• **What is required**: After locating the line that contains "Diagramm, Sensor auf" in the data below, set down exactly that line and each one after it through the line that contains "Black white sewed", and nothing more.

• **Records for the exercise**:
-----
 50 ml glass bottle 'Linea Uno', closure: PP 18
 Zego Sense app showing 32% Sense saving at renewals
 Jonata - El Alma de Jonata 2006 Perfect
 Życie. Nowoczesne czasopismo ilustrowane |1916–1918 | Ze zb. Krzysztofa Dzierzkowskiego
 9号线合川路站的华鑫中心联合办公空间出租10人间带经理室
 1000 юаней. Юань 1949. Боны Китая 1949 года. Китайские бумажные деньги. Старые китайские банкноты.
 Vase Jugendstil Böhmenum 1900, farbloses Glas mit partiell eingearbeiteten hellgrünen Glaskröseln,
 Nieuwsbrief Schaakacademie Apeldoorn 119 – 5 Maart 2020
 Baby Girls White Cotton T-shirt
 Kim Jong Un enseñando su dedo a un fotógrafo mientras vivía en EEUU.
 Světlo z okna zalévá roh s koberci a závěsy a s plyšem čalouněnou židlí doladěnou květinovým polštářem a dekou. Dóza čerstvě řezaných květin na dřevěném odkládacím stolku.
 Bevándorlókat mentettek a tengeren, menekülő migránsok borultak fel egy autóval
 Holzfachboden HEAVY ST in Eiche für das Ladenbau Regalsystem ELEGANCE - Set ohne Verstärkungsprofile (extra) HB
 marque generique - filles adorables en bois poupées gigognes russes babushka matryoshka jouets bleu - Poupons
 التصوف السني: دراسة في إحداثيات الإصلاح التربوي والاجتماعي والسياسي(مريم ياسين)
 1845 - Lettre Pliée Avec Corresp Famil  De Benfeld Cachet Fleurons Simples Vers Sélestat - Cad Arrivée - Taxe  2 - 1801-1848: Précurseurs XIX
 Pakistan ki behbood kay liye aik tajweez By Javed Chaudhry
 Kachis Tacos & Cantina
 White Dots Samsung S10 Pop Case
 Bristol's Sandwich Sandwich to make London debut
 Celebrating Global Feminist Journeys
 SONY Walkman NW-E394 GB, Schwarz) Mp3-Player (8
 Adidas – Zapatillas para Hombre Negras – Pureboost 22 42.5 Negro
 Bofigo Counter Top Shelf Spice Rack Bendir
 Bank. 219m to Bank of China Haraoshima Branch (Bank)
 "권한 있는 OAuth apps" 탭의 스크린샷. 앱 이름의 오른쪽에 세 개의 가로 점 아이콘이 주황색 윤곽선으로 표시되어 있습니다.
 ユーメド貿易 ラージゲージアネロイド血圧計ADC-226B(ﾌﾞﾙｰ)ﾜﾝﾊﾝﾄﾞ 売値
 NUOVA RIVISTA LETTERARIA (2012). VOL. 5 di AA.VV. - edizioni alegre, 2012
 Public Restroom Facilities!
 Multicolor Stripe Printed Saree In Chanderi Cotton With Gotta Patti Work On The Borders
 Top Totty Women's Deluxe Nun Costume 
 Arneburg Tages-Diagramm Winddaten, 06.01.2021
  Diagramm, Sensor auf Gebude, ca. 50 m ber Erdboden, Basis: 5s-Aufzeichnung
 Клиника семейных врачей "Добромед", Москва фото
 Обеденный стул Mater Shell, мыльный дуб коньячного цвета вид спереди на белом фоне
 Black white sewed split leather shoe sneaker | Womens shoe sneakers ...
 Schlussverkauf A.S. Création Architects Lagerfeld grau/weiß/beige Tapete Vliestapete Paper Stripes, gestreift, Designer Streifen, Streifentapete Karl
-----
• **Finished exercise**:
  Diagramm, Sensor auf Gebude, ca. 50 m ber Erdboden, Basis: 5s-Aufzeichnung
 Клиника семейных врачей "Добромед", Москва фото
 Обеденный стул Mater Shell, мыльный дуб коньячного цвета вид спереди на белом фоне
 Black white sewed split leather shoe sneaker | Womens shoe sneakers ...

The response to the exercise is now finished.